3. Throughout modern materialistic science "chance" or "general randomness" is a major feature for all natural-system behavior. If you "eliminate" all relevant behavior that is highly probable and if it is possible to show that the entire "chance" category is highly improbable as a cause (which depends upon complete knowledge), then you can assert, in certain cases, that the pattern is "designed" if the pattern also satisfies within nature an independent humanly comprehensible "purposeful" pattern. Intelligence is inferred since the claim, in both the Dembski and Behe approach, is that such patterns indicate a type of intelligent "pre-design." But, as shown in 10 below, this conclusion is cosmology dependent. Further, for the Dembski approach, most members of the evolutionary community argue that one cannot assign the "highly improbable" status to biological entities due to the presence of unknown constituents during their evolutionary development and "natural selection" is capable of producing by mere chance the same design that serves the exact same describable purpose.

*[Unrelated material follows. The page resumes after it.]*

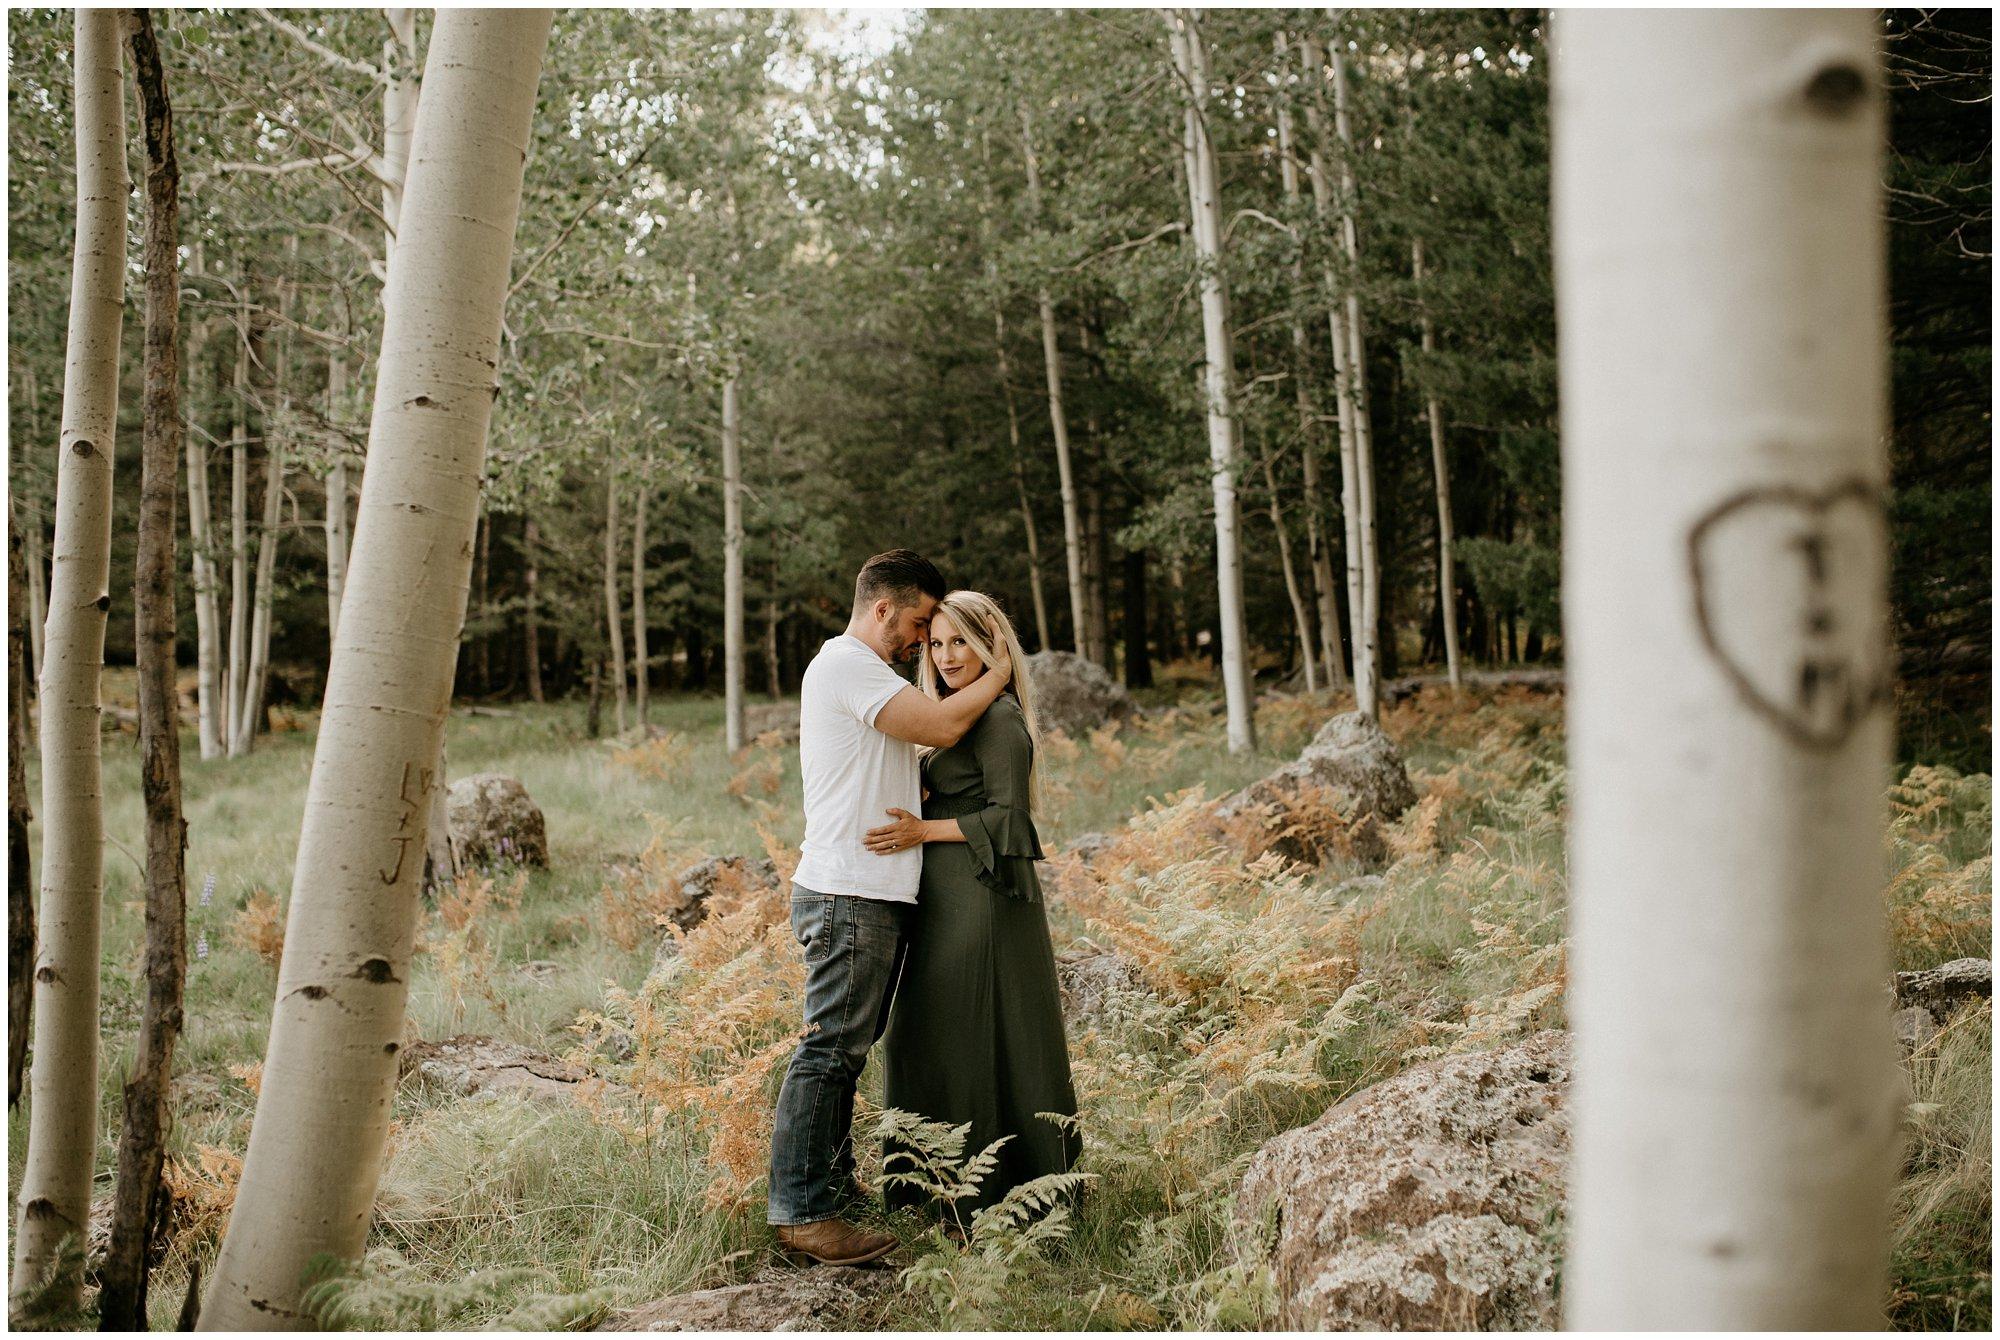 Flagstaff Aspen Tree Portrait Session - Gabby + Gary - Ashtyn Nicole Photo_0013.jpg

Relative to his approach, Behe himself accepts evolutionary processes as the major cause for biological development, with the exception of those few that meet his irreducible complexity notion. The evolutionary community has eliminated a vast amount of uncertainty in biological evolution by establishing redundancy as a common feature of living organisms. They also admit that the few examples of Behe's complexity notion have yet to be satisfactory "explained" by redundancy or any other mechanism. They also have no doubt that they will be able to "explain" this illusion after appropriate research. Irreducibly complex biological objects within nature can still be viewed probabilistically, but intuitively seem highly improbable when our present knowledge is applied. It appears that many known irreducibly complex patterns also satisfy Dembski's notion of specified-complexity. As mentioned, this notion is cosmology dependent.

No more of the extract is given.